I was surprised that the library was closed and dark this time. I checked the wall clock. It read
two o'clock, an hour and five minutes later than the digital clock in Topper's truck. Jesus Christ. I
shivered in the library's air-conditioning and fumbled at my pants. The zipper was broken but the snap
worked. I buckled the belt an extra notch tight, then pulled my shirt out so it hung over the zipper. My
mouth tasted of blood and vomit.

The library was lit from without by pale white moonlight and the yellow glare of mercury
streetlamps. I threaded my way between shelves, chairs, tables to the water fountain and rinsed my
mouth again and again until the taste was gone from my mouth and the bleeding of my lip had
stopped.

In two weeks I'd worked my way over nine hundred miles from my father. In one heartbeat I'd
undone that, putting myself fifteen minutes away from the house. I sat down on a hard wooden chair
and put my head in my hands. What had I done to deserve this?

There was something I wasn't dealing with. I knew it. Something...

I'm so tired. All I want is to rest. I thought of all the snatches of sleep I'd had over the last two
weeks, miserable stolen moments on rest-stop benches, in people's cars, and under bushes like some
animal. I thought of the house, fifteen minutes away, of my bedroom, of my bed.

A wave of irresistible longing came over me and I found myself standing and walking, without
thought, just desire for that bed. I went to the emergency exit at the back, the one with the ALARM
WILL SOUND sign. I figured by the time any alarm was answered, I could be well away.

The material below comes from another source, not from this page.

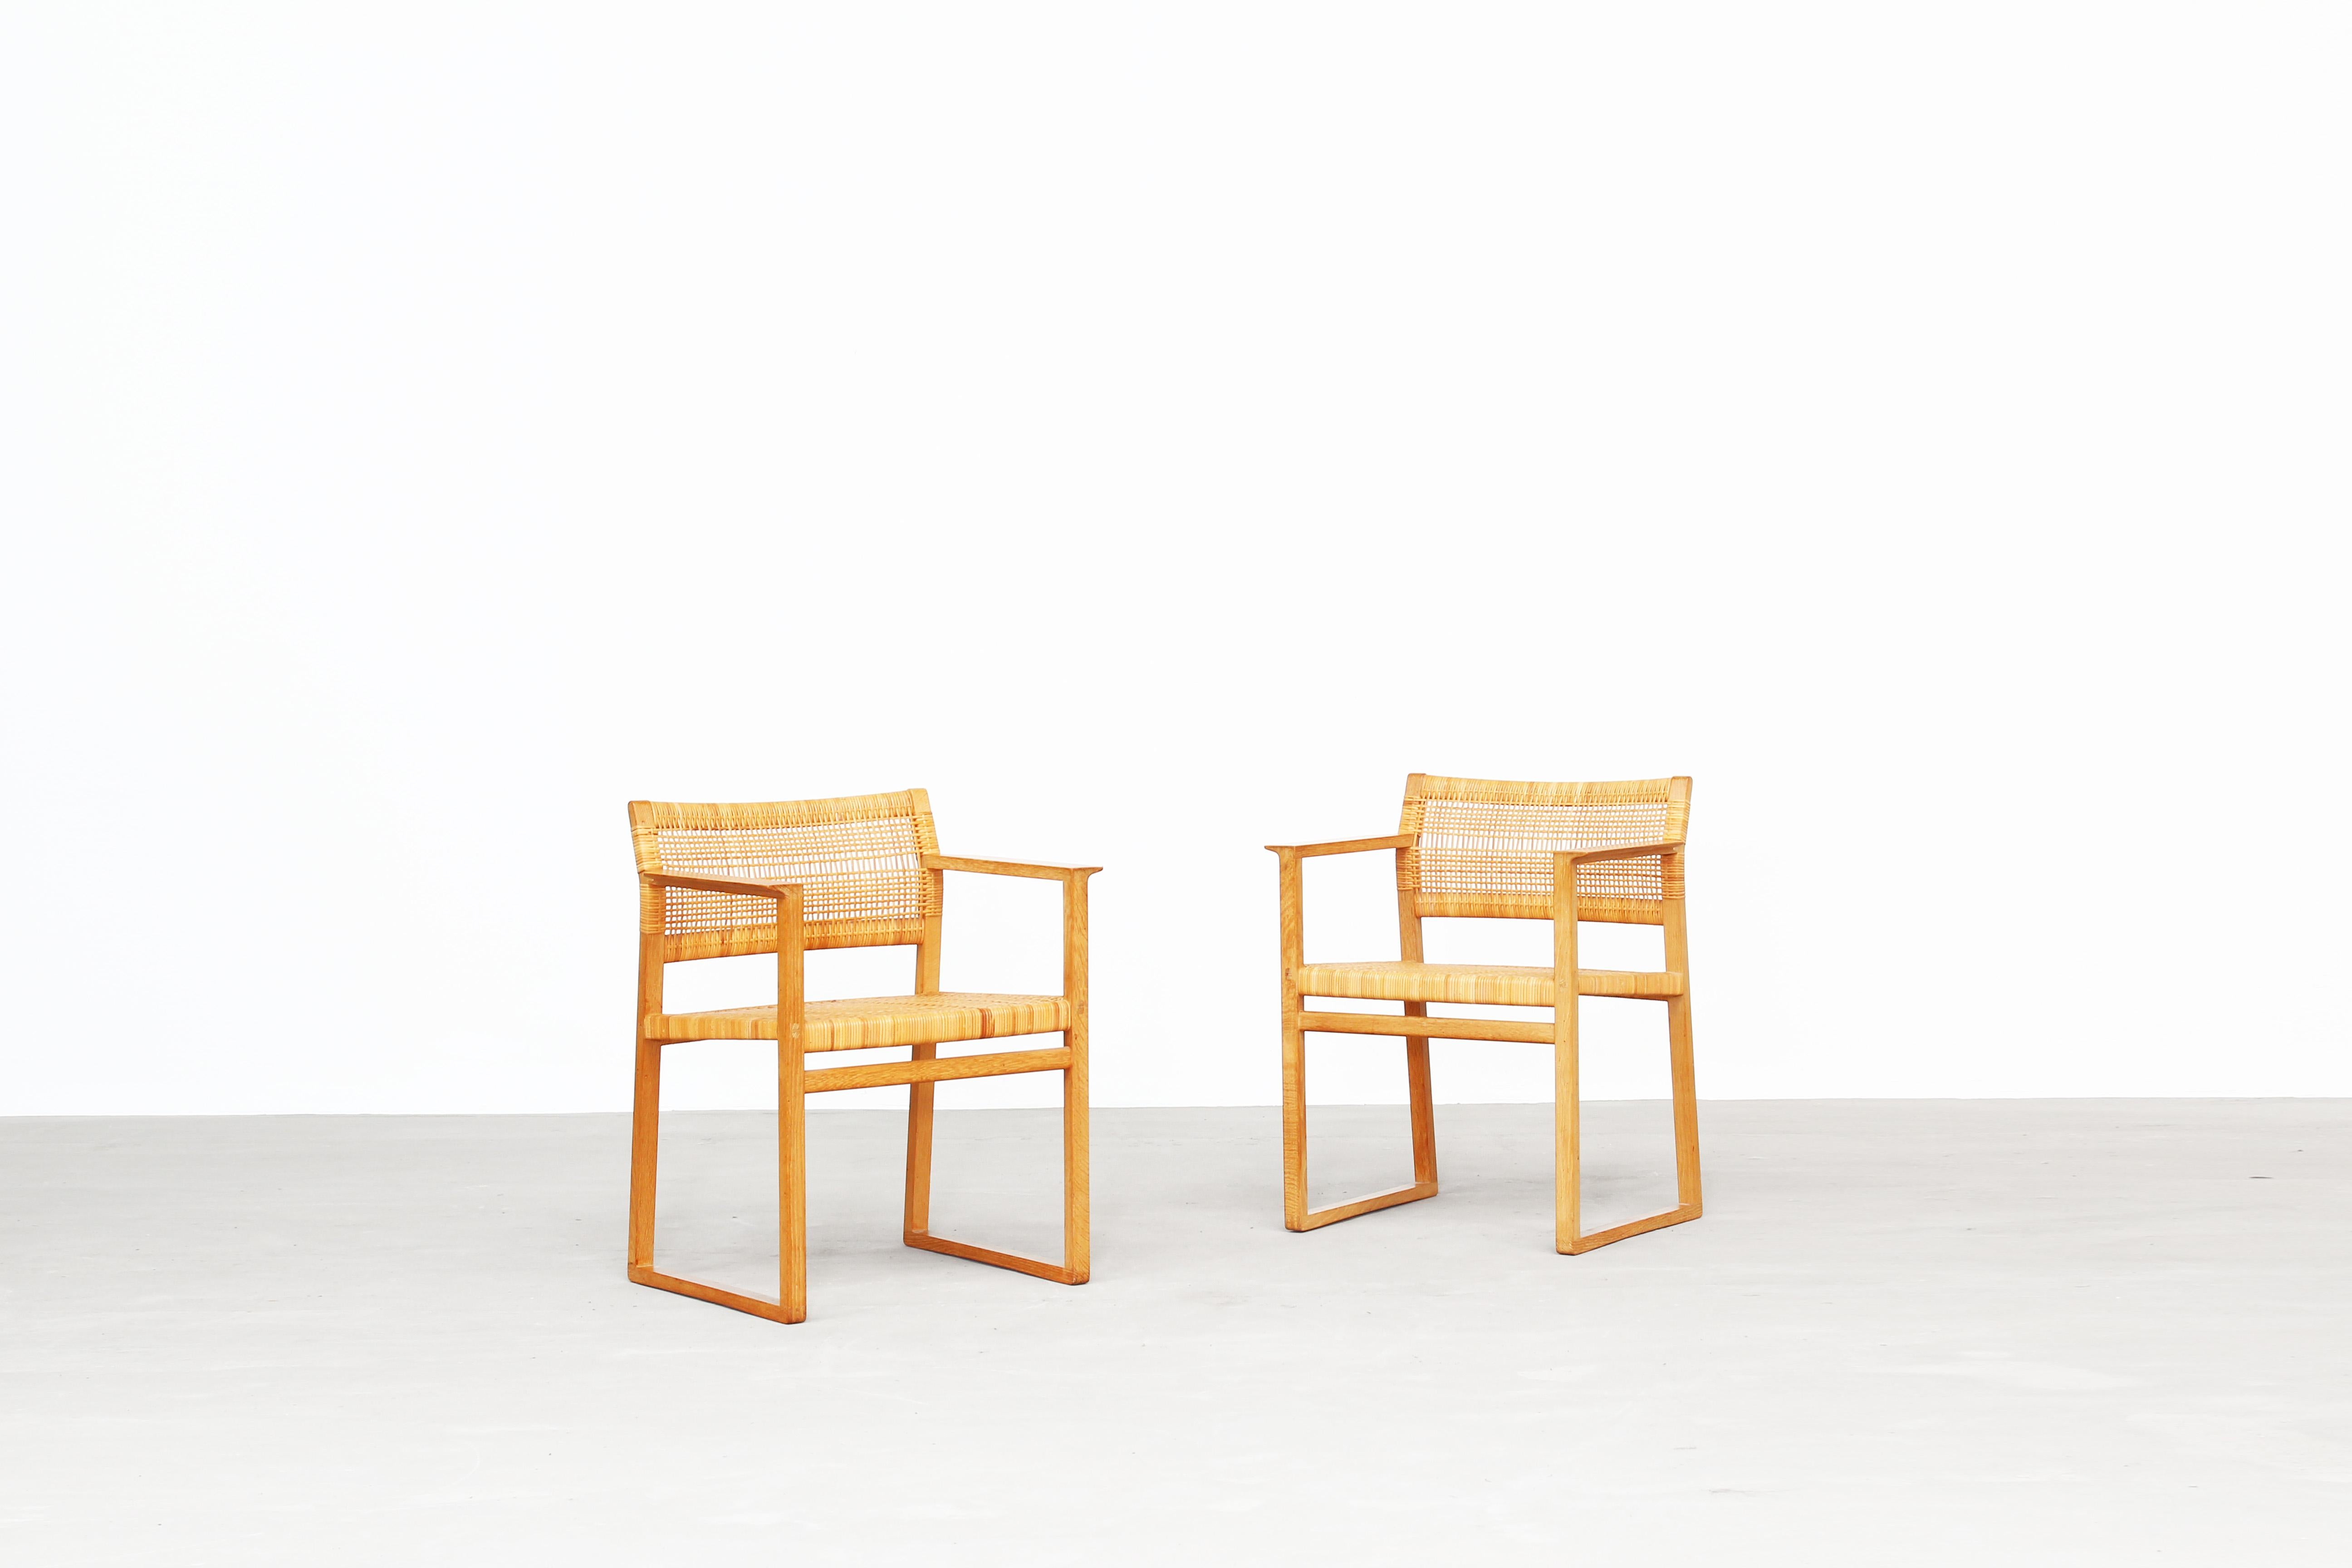 A very beautiful pair of dining chairs designed by Børge Mogensen for Fredericia Stolefabrik, Denmark. Both chairs are in a very good condition with just little traces of usage. The frame made out of oak comes in a great patina. The cane is still in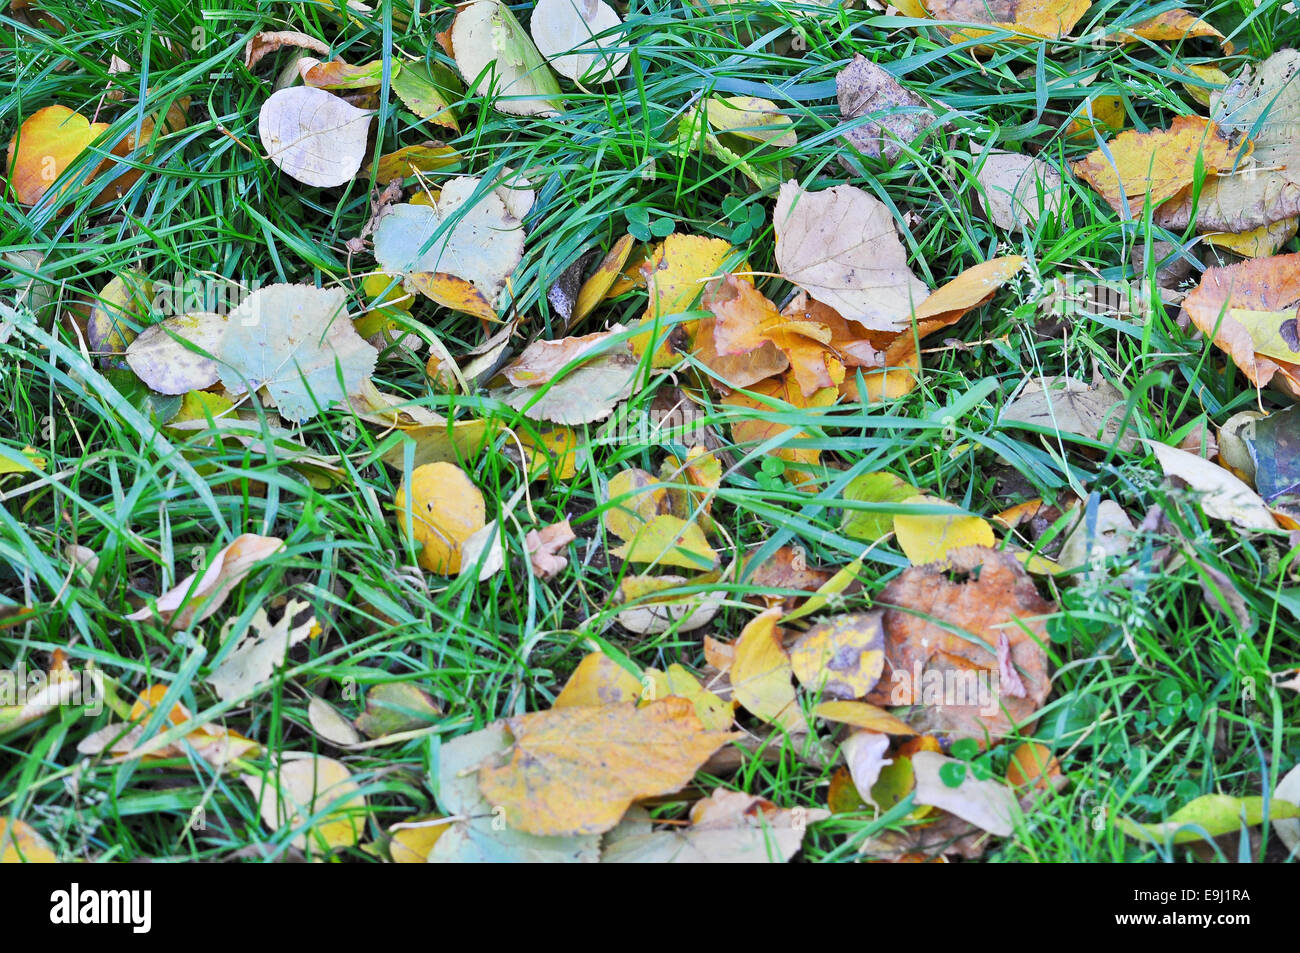 Fallen autumn leaves. A carpet of colorful leaves in October, lying on the grass. Stock Photo

It was chained. I leaned against it and hit it very hard, an overhand blow with the flat of my hand.
I drew back, tears in my eyes, to hit it again but it wasn't there and I pitched forward, off balance and
flailing, into my bed.

I knew it was my bed. I think it was the smell of the room that told me first, but the backlit
alarm-clock face on the bedside table was the one Mom sent the year after she left and the light from
the back porch light streamed through the window at just the right angle.
For one brief moment I relaxed, utterly and completely, muscle after muscle unknotting. I closed
my eyes and felt exhaustion steal over me in a palpable wave. Then I heard a noise and I jerked up,
rigid, on the bedspread on my hands and knees. The sound came again. Dad... snoring.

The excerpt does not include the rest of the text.